British Sailing's Director of Racing Ian Walker accepts the introduction of funding from UK Sport in 1997 was a catalyst which "revolutionized" the team.
"People were able to sail full-time, so it effectively professionalized the sport. Suddenly you could just concentrate on being the best sailor you could possibly be," he told Mainsail.
The injection of money catapulted Team GB years beyond its rivals and the evidence suggests it helped in the race for medals.
They're now the most successful nation in Olympic sailing history, topping the all-time medal table with 28 golds.
Notably, 12 of those have come since the 2000 Sydney Games.
Many nations don't have pockets as deep as Britain, though. These teams have to be clever in order to maximize their budgets.
By only pumping resources into sailing classes where they can excel, the Dutch, for example, are able to target their funding at athletes they believe have a chance of success.
"We don't want to be a copy of Britain, we thought about it and we would definitely lose," Head Coach of the Dutch Olympic Sailing Team, Jaap Ziehuis, explains.

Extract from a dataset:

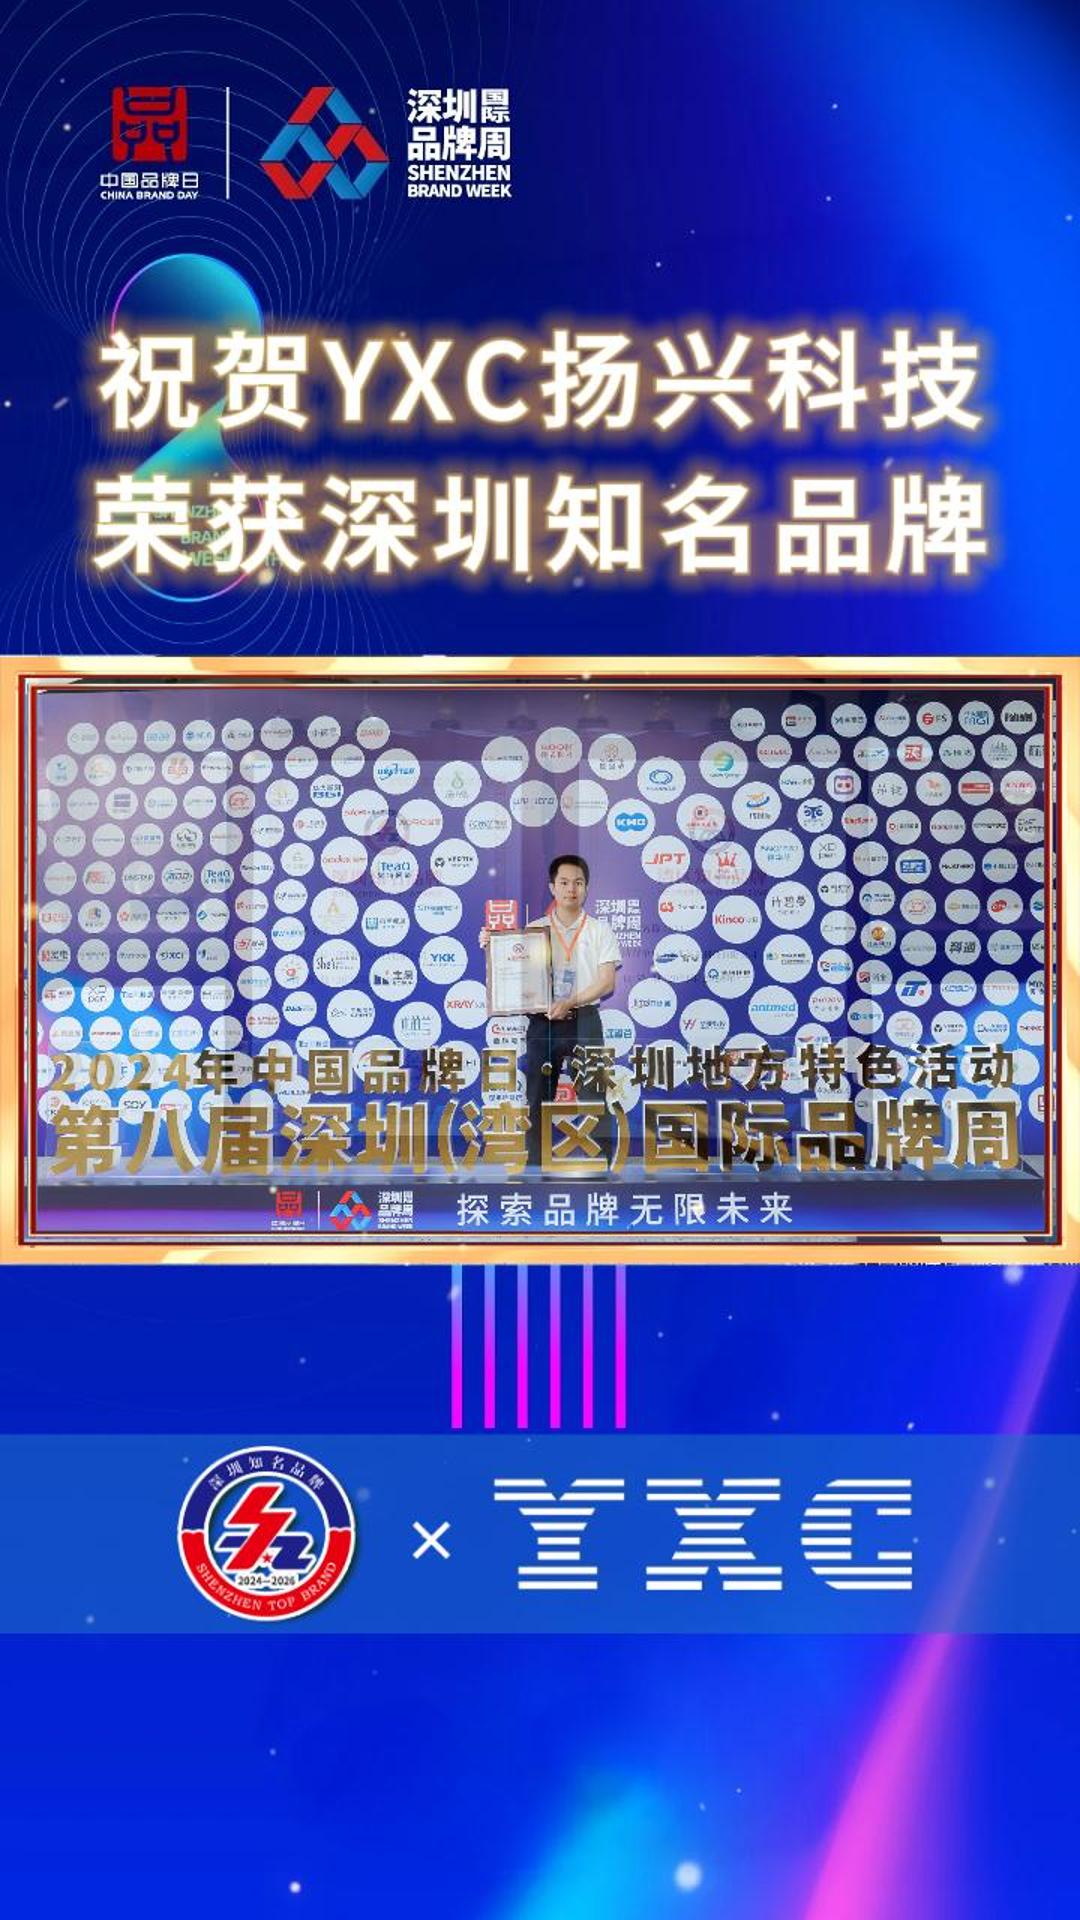  祝贺YXC扬兴科技，荣获“深圳知名品牌”及“湾区知名品牌”称号！

'Talent gets you about 50 percent of the way'
Funding is clearly a big stepping stone to achieving Olympic glory but there's more. You also need a a genetic disposition to be good at a certain sport.
"You can become top 15-20 in the world by being a machine. Just going out training hard, lifting weights, being really strong in your head," two-time US Olympian Paige Riley told CNN.
"But in my mind, to be a top three, to be bringing home medals, it takes a special something inside a person."
One man who seems to personify the power of innate ability, is Ben Ainslie. With four golds and one silver medal, the Briton is the most decorated sailor in Olympic history.
He showed his world-class potential at an early age, competing in his first international event aged 12. But you'd be wrong if you think he's ever rested on his natural-born ability to secure gold medals.
"Raw talent gets you about 50% of the way," he told CNN. "Hard work, graft and dedication is what you need to finish the job off. You can't rely on talent alone.
"I've raced against a lot of incredibly talented sailors ... and you look at the ones who consistently win and they're the ones that go that extra mile, are that bit more focused, determined, preparation is that much better."
No such thing as talent
This is a view taken to the extreme by Dutch Olympic medalist Marit Bouwmeester.
Fast-tracked through a talent program in the Netherlands, Bouwmeester won Laser Radial gold at the 2016 Games. She believes her success is simply a result of hard graft.
"I don't really believe in talent," she told CNN. "I think you should just enjoy what you do and it's just hard work and dedication. It's just putting in the hours and doing more than anybody else."
A golden combination
Author Owen Slot, who studied Team GB for four years following London 2012, believes the recipe to success involves a combination of the above factors.
"You have to be genetically blessed, you have to have innate talent," he told CNN.
"You have to have seniors around you, parents or coaches, who can see your talent and help you exploit it. You have to understand high performance, you might look good in your village or town but are you going to look good on the world stage?
"You have to have all of that around you. Then you have a chance of winning a gold medal. If you take away one of those then I think it's done, no chance."